A study of 1,000 HIV patients in Rwanda who received daily visits from community health workers showed a 92 percent success rate in sustaining treatment two years after they were enrolled, compared to a more general retention rate of 70 percent for patients in sub-Saharan Africa. The rationale for these community health workers’ service as accompagnateurs is not just a moral one; it’s also that they are particularly effective interventions.

Nearly two-thirds of 13,000 people working for Partners In Health in Rwanda, Haiti, Peru and elsewhere around the globe are community health workers, weaving their lives with those they visit daily. Many have only a few years of education and were former patients themselves. In their roles as community health workers, they now have jobs, which in and of itself is transformative, and through their accompaniment work, they transform the lives of others.

“True accompaniment does not privilege technical expertise above solidarity, compassion, and a willingness to tackle what may seem insuperable challenges,” writes Farmer. “It requires cooperation, openness, and humility; this concept may, I hope, infuse new vitality into development work.”

Accompaniment, not just aid, says Farmer, is a game changer in the “how” of human development, underlining the idea that by walking together, we can change the world.


If you begin with the question “What’s wrong with development?” you can certainly find a wealth of examples. You could easily spend a career cataloging development failures in just one country, carrying out sophisticated and nuanced analysis of why things are so bad. But a more useful question to start with is “_What works?_” Even in tough situations, where is progress being made? Where are the bright spots? I often tell students that development is about addressing complex and difficult problems. There are rarely one-shot solutions to complex problems. Good intentions are not enough.
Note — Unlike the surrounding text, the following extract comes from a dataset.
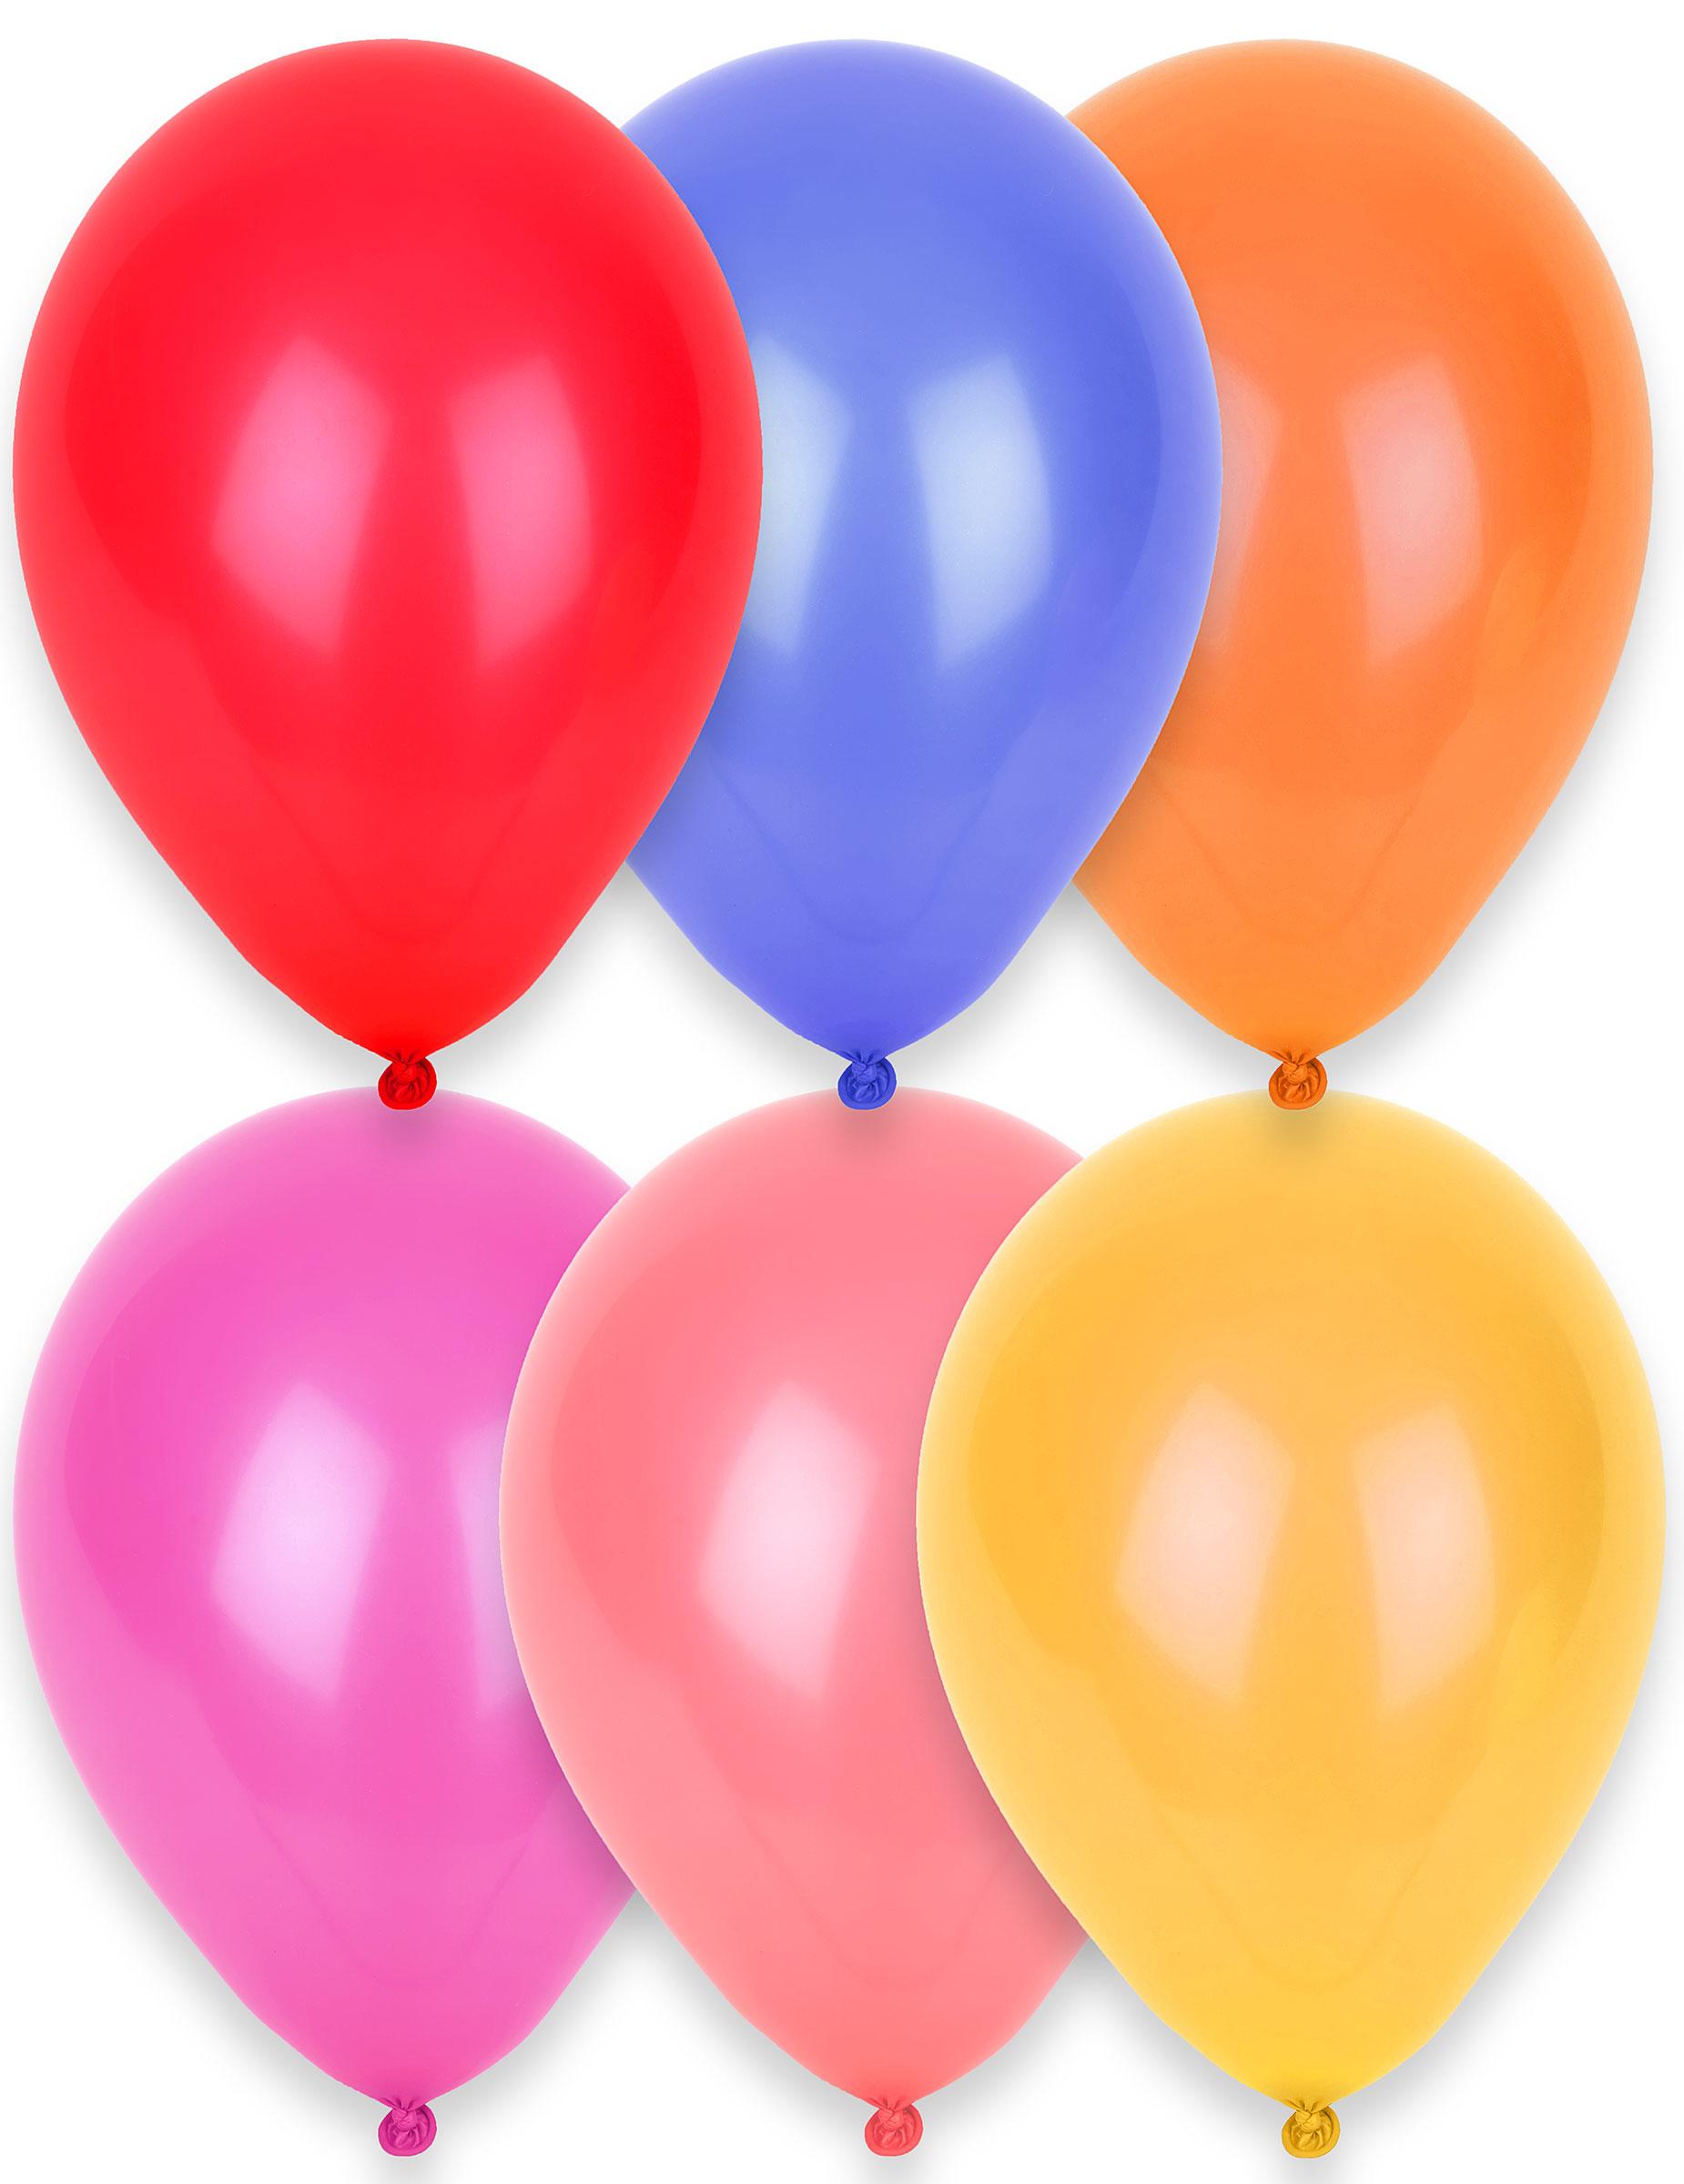 24 globos de diferentes colores 25 cm Decoraciny disfraces

But the fact that you can’t solve everything doesn’t mean you shouldn’t do anything.

Reimagining international development as accompaniment provides a powerful focus for the work. “We must always consider the person,” Pope Francis said recently. “Here we enter into the mystery of the human being. In life, God accompanies persons, and we must accompany them, starting from their situation. It is necessary to accompany them with mercy.”

While science and research devoted to pressing problems of human flourishing help us learn more about what works, the accompaniment model provides great insights into the how.
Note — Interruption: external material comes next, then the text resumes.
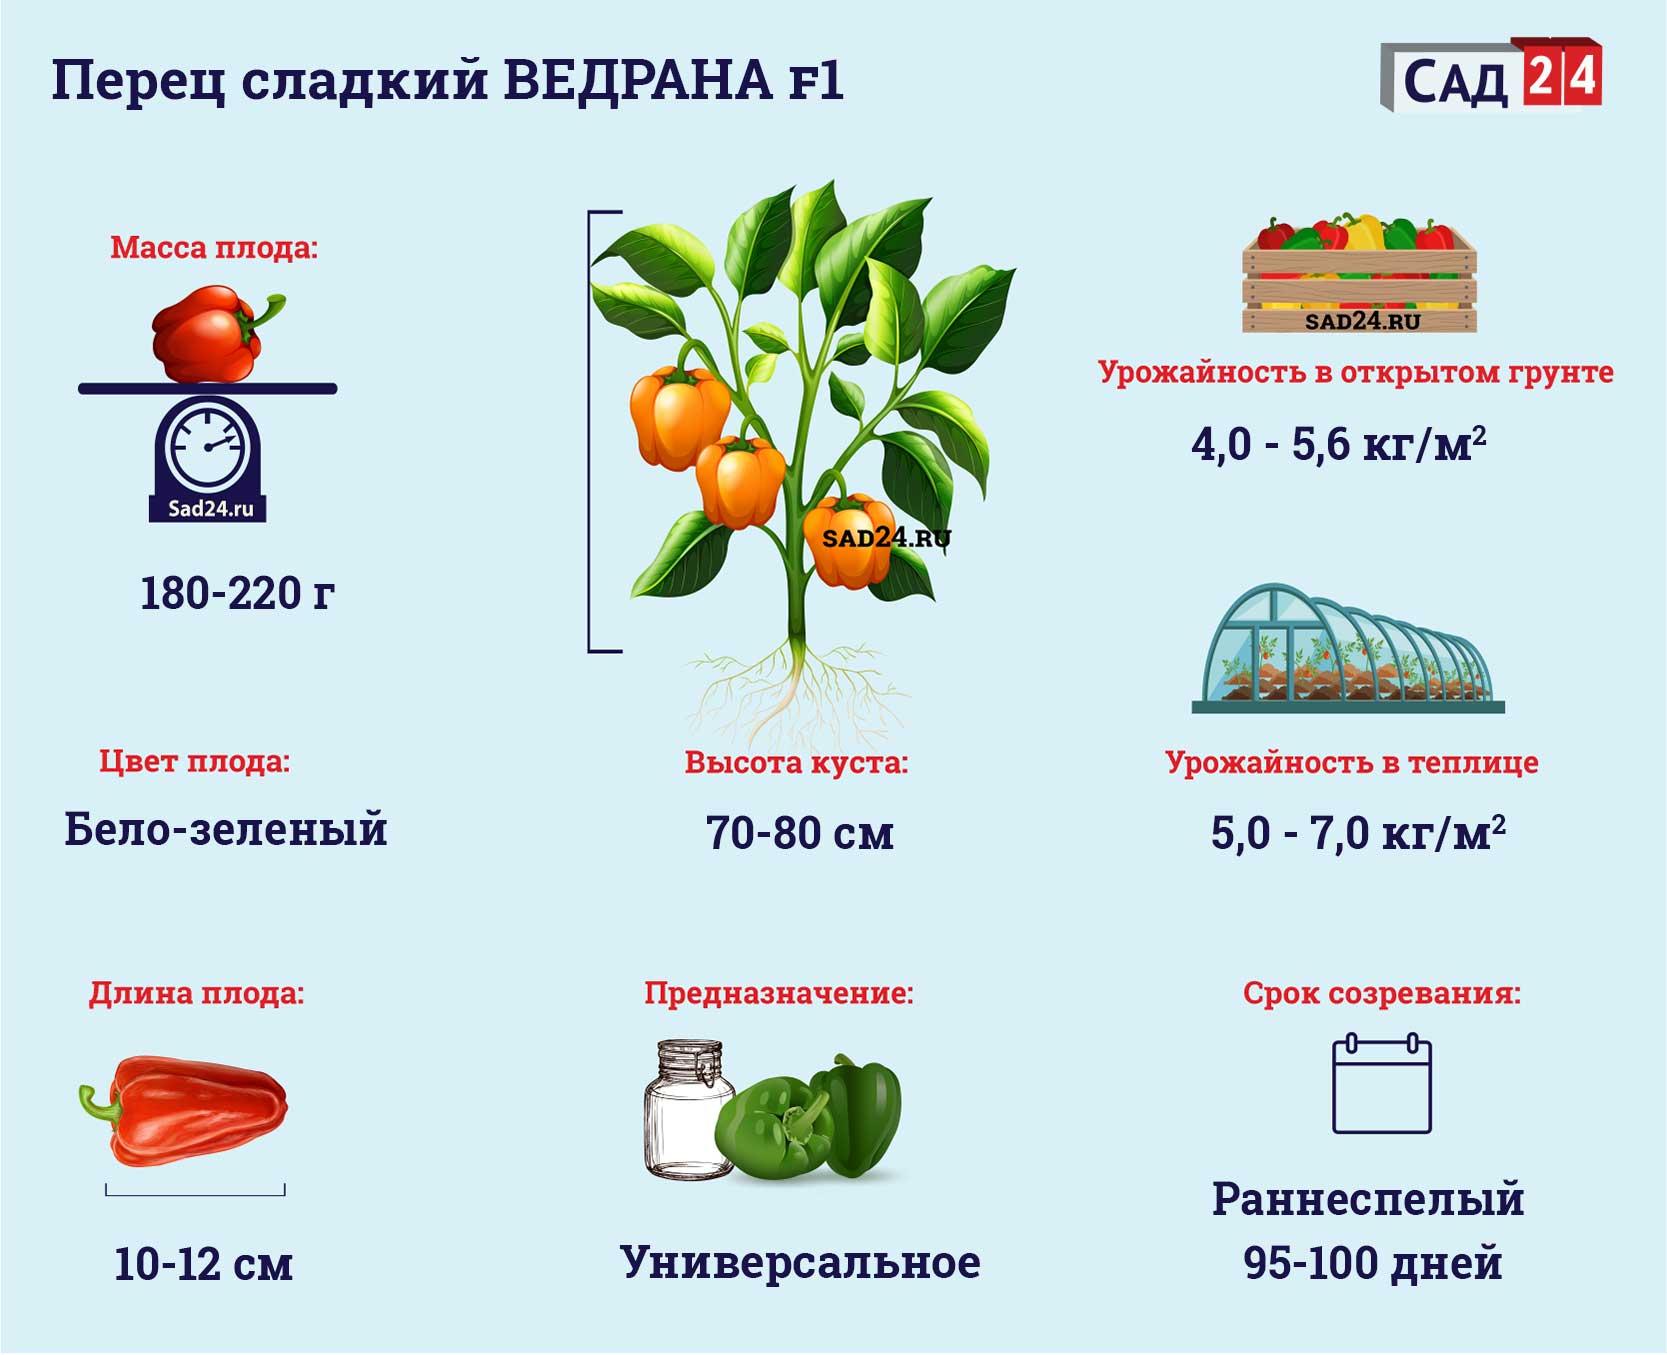 Ведрана - https://sad24.ru

When Jesus said, “The poor will always be with you,” he was quoting a verse some of his listeners would have recognized from Deuteronomy, “Do not be hard-hearted or tight-fisted toward your needy neighbor. Rather, open your hand and meet the need, whatever it may be. . . . Since the poor will always be with you, I therefore command you to open your hand to the poor.”

The challenge is to not only open your hand and your heart to the poor but also to open your mind to think seriously and rigorously about ways that in accompanying each other we might, walking together, build something better.


Steve Reifenberg has worked on international education and development issues for the past 30 years, living more than a decade in Latin America. Since 2010 he has been the executive director at Notre Dame’s Kellogg Institute for International Studies, which focuses on issues of democracy and human development. He is working on a book with Paul Farmer and Jennie Block, tentatively called From Aid to Accompaniment.